So what can UK realistically get next year?

And does that tell us about UK strategy?

1/thread
First. What is possible.

In January talks will resume and the UK will focus on transition. This is DexEU and Treasury focus.

They will strike an early agreement on this, even pushing to find a way to formalise it prior to the Withdrawal Agreement being ratified /2
The EU will likely reject the attempt to formalise transition deal in some early, focusing instead on the following:

- drafting withdrawal agreement
- creating dispute resolution mechanisms on Money etc
- drafting a "political declaration" on trade/future relationship /3
What will that legally non-binding "declaration" on trade/future amount to?

Well. EU side says it will be a framework declaration, covering trade, security, climate, foreign affairs and all other areas of co-operation. Say 20 pages? 50 pages? 100 pages? No more.

/4
Compared to a full-fledged trade deal (1000's of pages) it's a doodle on the back of a fag packet.

Davis/May say this is way short of what they want. At the very least, they want a much more detailed framework that can be set out stall for trade negotiation. Or do they? /5
Given fractious politics in UK, might a broad commitment to a "deep and special partnership" [EU source: "adjectives are free"] be tempting?

It would mask limitations "Canada Dry" deal. It would get May over the line - recall #Brexit has always been about Tory party management/6
At the heart of this question is whether "no Brexit worse than a bad Brexit" ?

Per HM Treasury forecast, Canada dry would knock 4.6%-7.8% of UK GDP by 2031. Or lower tax receipts of £36bn, equivalent to 8p on income tax.

Of course UK trade negotiators will hope to do better /7
This might be tough in a trade negotiation that opens on April 1 2019, after Article 50 deal is done - and UK has signed up to a binding deal on money etc.

The UK will have no leverage.
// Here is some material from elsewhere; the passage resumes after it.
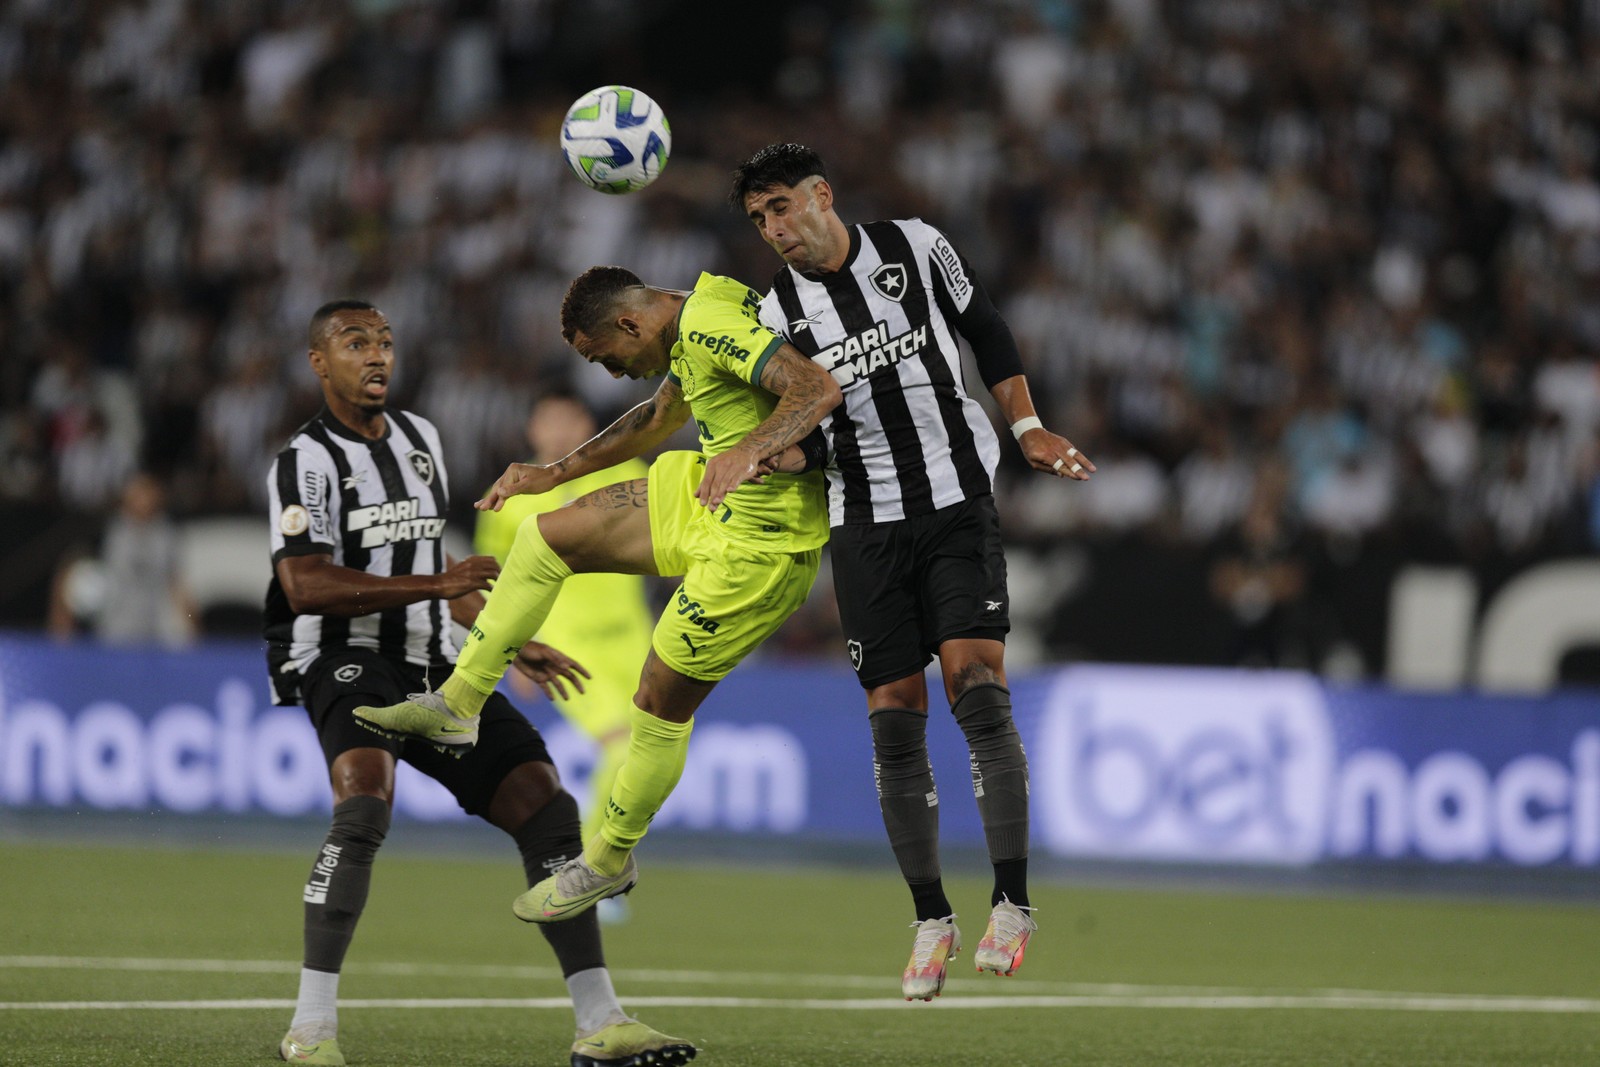 Depois, contra o Palmeiras, o Botafogo levou uma virada de 4x3 — Foto: Alexandre Cassiano/Agência O Globo

The EU can take its time over a deal that favours goods over services /8
Davis/May know this - so their leverage is in Article 50 period, when they still have threat of with-holding money.

But EU doesn't believe UK will take stand - going by last week - the important thing will be to get over line. And the EU will help them. /9
Put another way, the British frog will be boiled slowly.

At the end of the two-year transition, with an FTA deal still in a rudimentary state, the UK will find itself over the same barrel as in phase 1 and phase 2.

The cliff-edge will look no more appetising then than now /10
The UK will either have to extend transition (more rule taking, more payments, more free movement)

Or perhaps, with fanfare, there will be a portion of the deal, a basic market access agreement, that can be implemented - and again spun as 'victory'. /11
By this time, as the negotiations progress, the EU will have more advanced deals (like Canada, South Korea..Japan, Australia, New Zealand etc) in place with water-tight MFN clauses that mean they can't offer services, or they'd have to offer it to others. /12
Even as a member, the UK struggled to force the EU cartel to open up its services markets. It is unlikely to have much success in a one-sided trade negotiation as a third country.

The UK will look to offset cost of new EU-UK frictions elsewhere /13
But a US deal, for example (per HMT forecast) would only create annual gains of 0.3% GDP, and - on agriculture for example - would require the UK to accept agricultural produce, for example, that would trigger fresh barriers to trade with the EU /14
Be in no doubt Mr Davis and Mrs May know all this, the question is whether they can do much about it.

If phase one is any guide, you'd have to say that in a world of unenviable choices, it is going to be difficult.

This is the UK risk now it seems to me. /15
Not a catastrophic no deal, since May sued for peace in phase 1, so why not in phase 2?

But a grinding exit, costly at the margins, that stirs up the same frustrations that led to Brexit in the first place.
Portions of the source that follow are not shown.